- **Activity**: Repeat only the lines below that run from the line with "Mikrofone - Audio" to the line with "Deux éléphants asiatiques", ends included; skip every picture.

- **Provided records**:

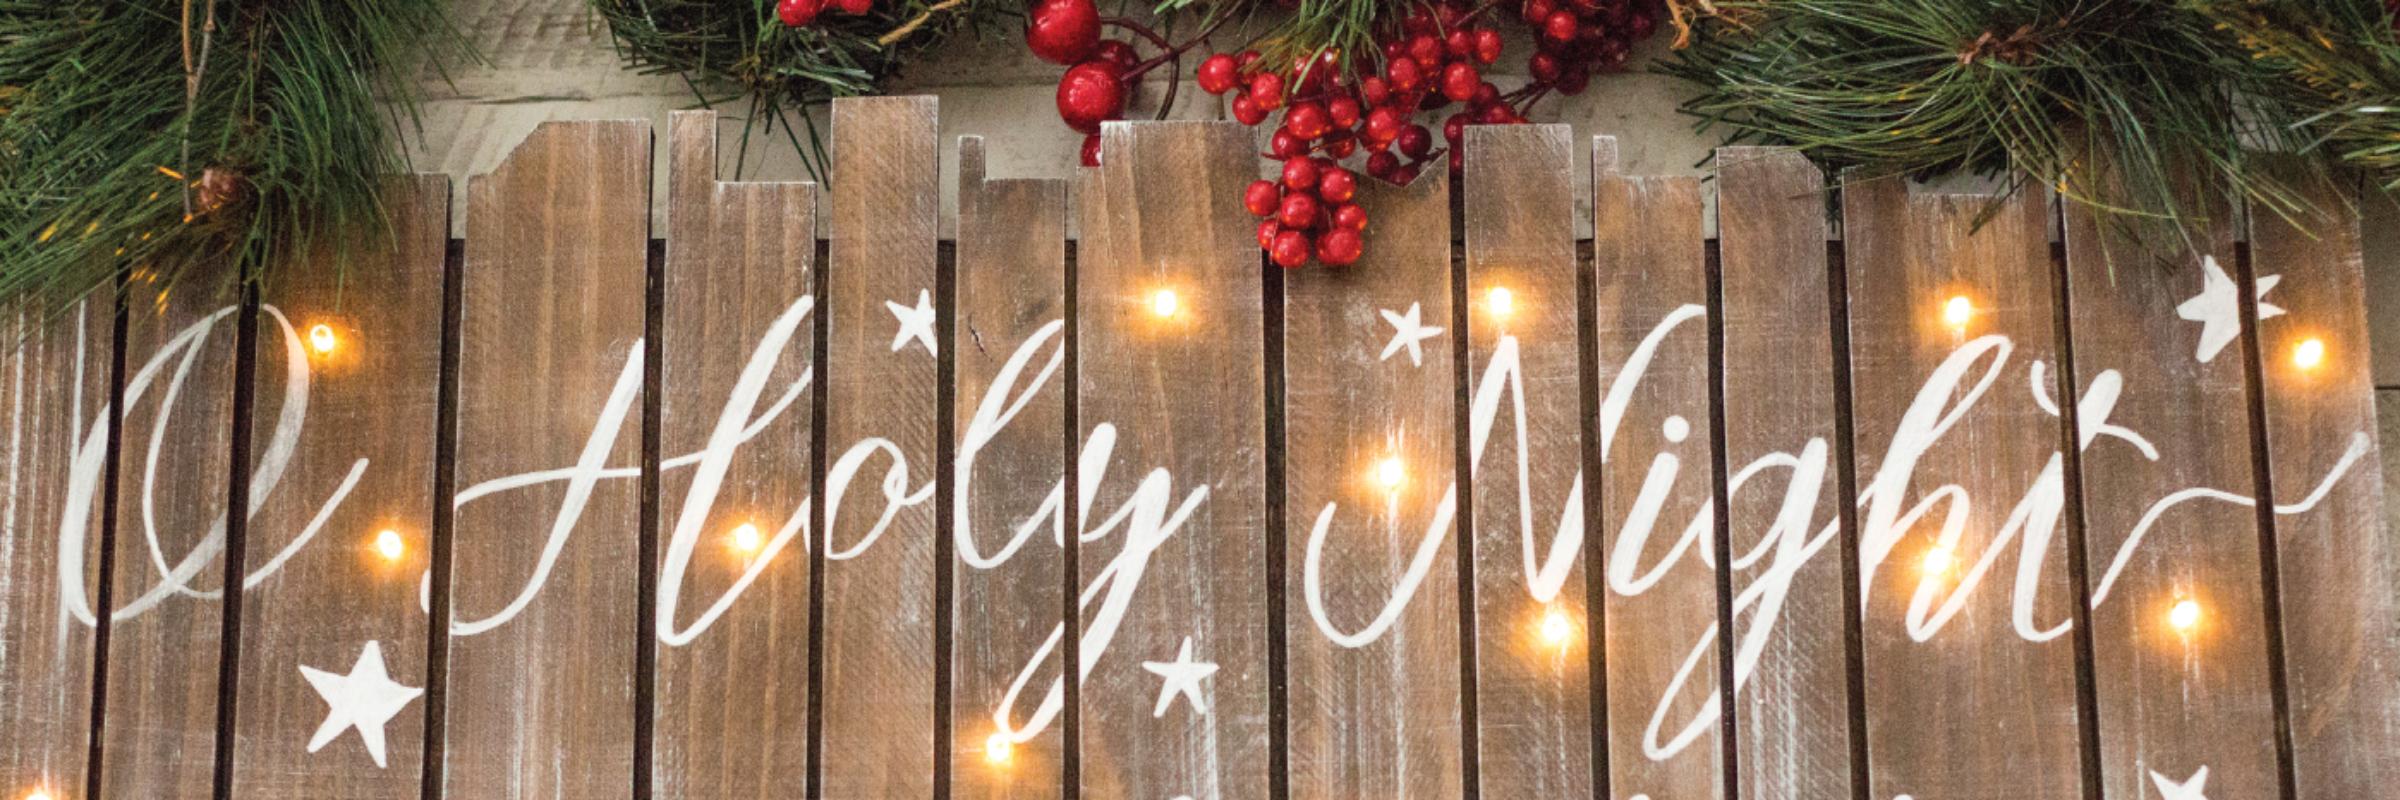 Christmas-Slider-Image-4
---
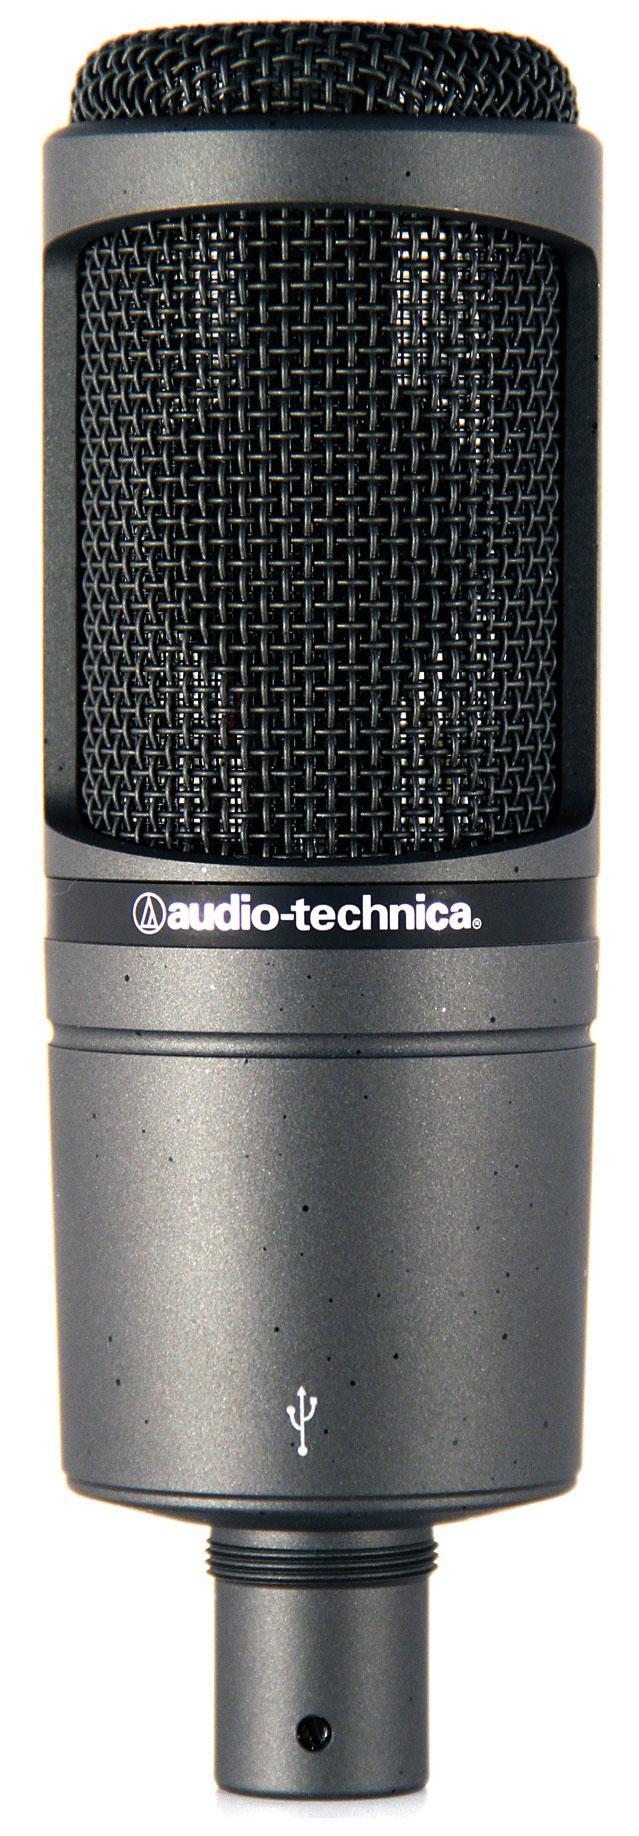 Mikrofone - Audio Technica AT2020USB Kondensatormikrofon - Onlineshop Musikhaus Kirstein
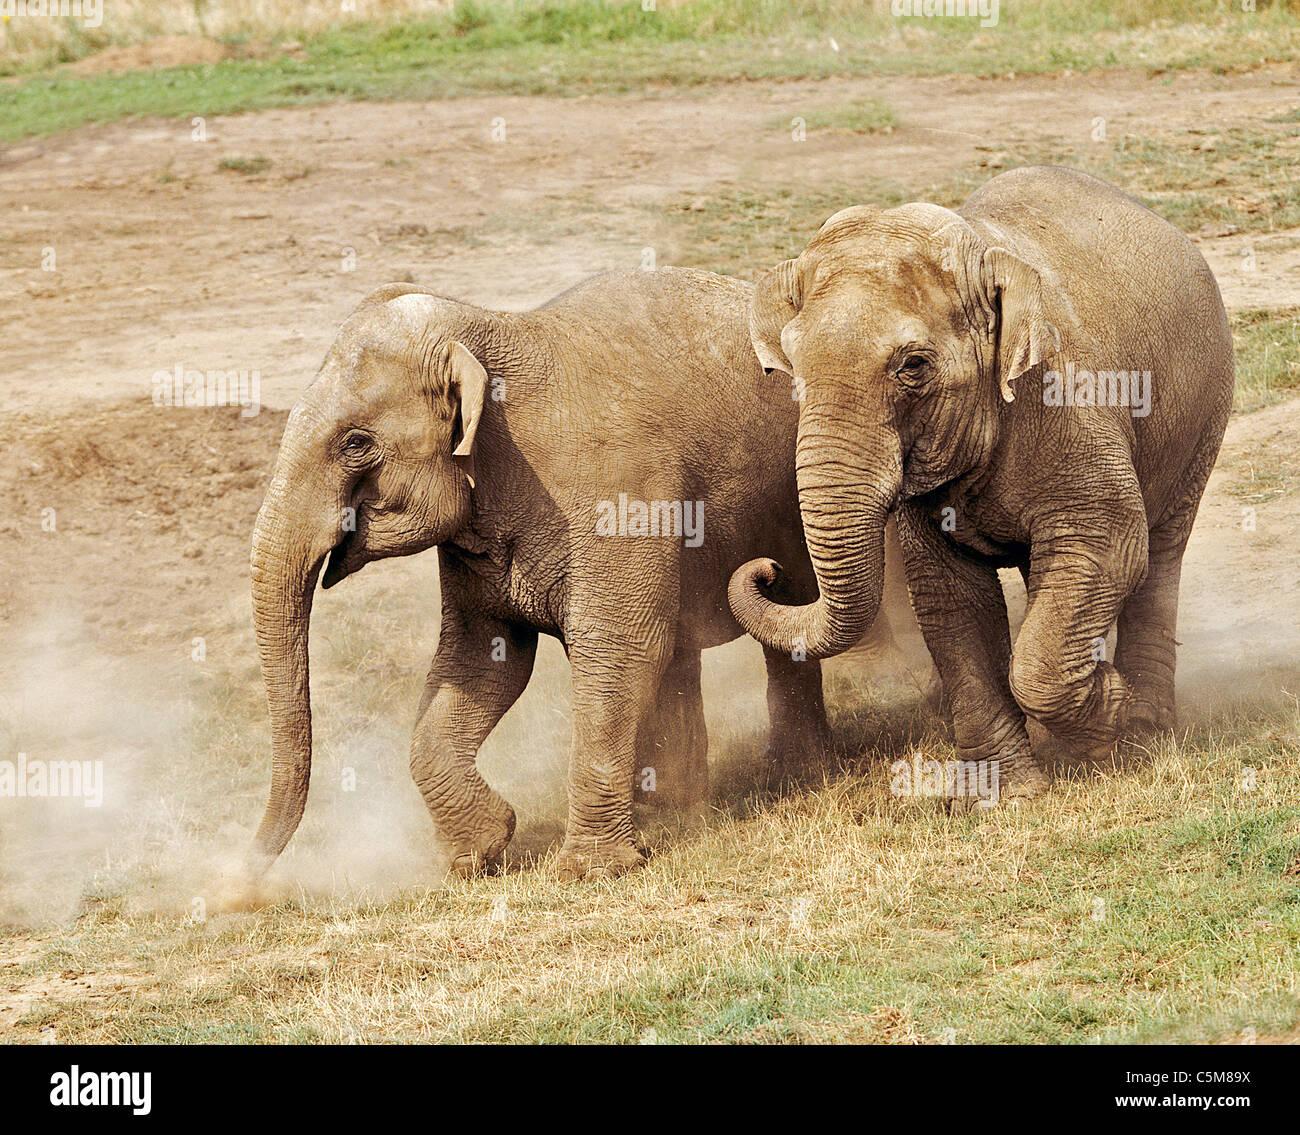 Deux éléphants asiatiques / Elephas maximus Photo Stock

- **Response box**:
 Mikrofone - Audio Technica AT2020USB Kondensatormikrofon - Onlineshop Musikhaus Kirstein
 Deux éléphants asiatiques / Elephas maximus Photo Stock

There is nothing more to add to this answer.